Maatraa here refers to shironaam, or the headline in Devanagri and Bengali script.

The first step in adapting Tesseract-OCR to recognise Indic script like Devanagari and Bengali was to clip (remove) the shironaam at points between successive characters so that Tesseract's connected component analysis does not mistake the entire word for a character,

Here is the algorithm and the code is in the form of a patch in the May 27th, 2008 entry on http://sites.google.com/site/debayanin/hackingtesseract .
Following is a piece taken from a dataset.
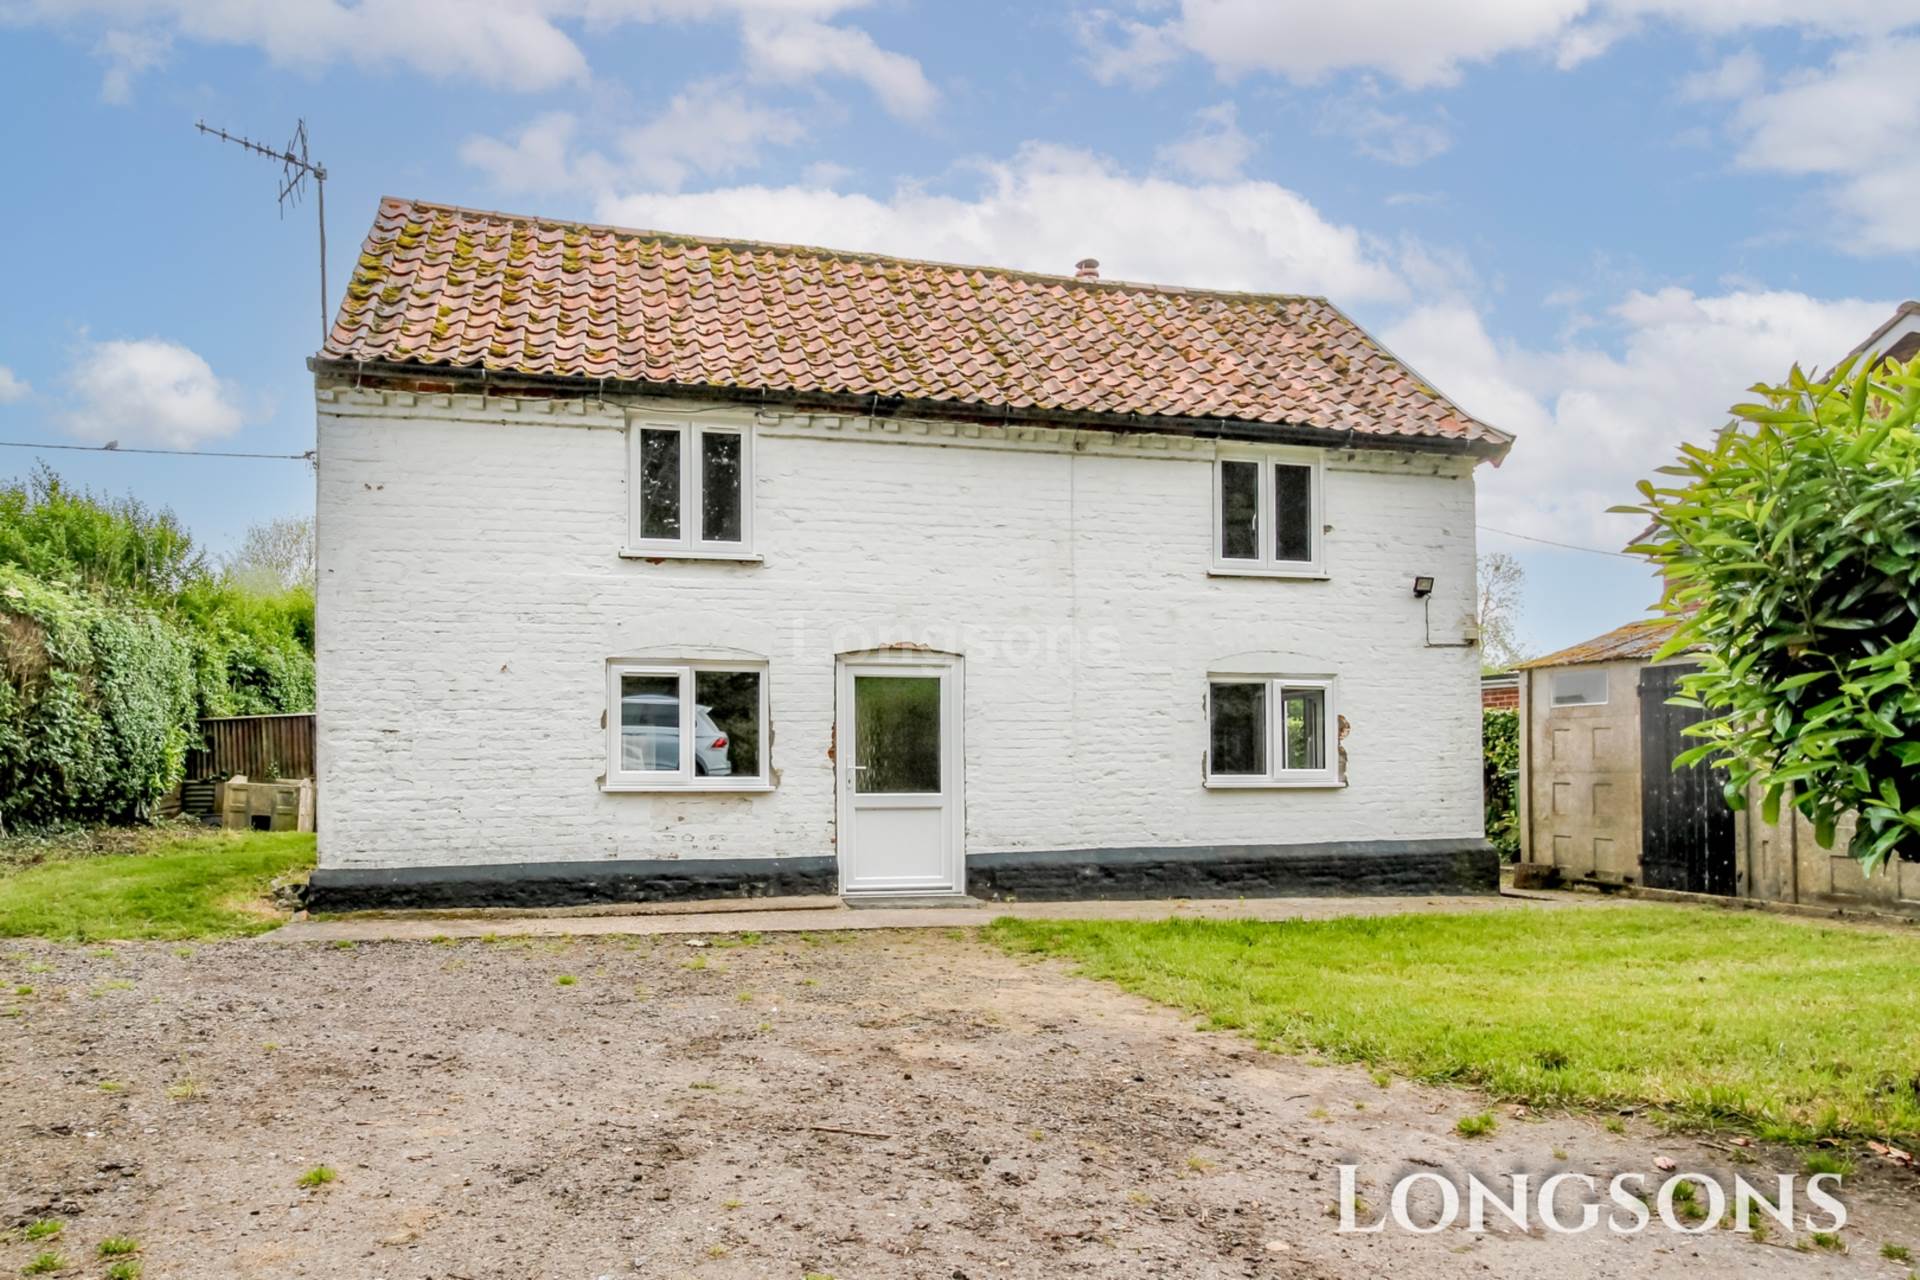 3 bed Detached House for rent in Dereham. From Longsons - Swaffham

Ray Smith, the project owner of Tesseract-OCR commented on the code here and Thomas Breuel makes a mention of "Matraa Clipping" in the morphological operations wiki in the OCRopus project.

2) De-skewing

For the above clipping algorithm to work, the page should be perfectly aligned. The should be no skew/tilt during the OCR process. For this purpose a de-skewing algorithm was required. I wrote an ad-hoc algorithm for that purpose, which has been disabled by default in recent releases of tesseract-indic. Better deskewing methods are available elsewhere. Code can be found at October 28 entry in http://sites.google.com/site/debayanin/hackingtesseract .

3) Training Data Auto Generation

I was initially working alone. One of the biggest problems of working alone on an OCR project is generating training data for different scripts. I tried to solve the problem by rendering all possible glyphs for a script onto an image, recording corresponding bounding boxes to a text file and then feeding the pair to the Tesseract-OCR training mechanism.
Instructions on how to use it can be found here and you may download the latest version at http://code.google.com/p/tesseractindic/downloads/list . The latest version at time of writing this is TesseractIndic-Trainer-GUI-0.1.3 .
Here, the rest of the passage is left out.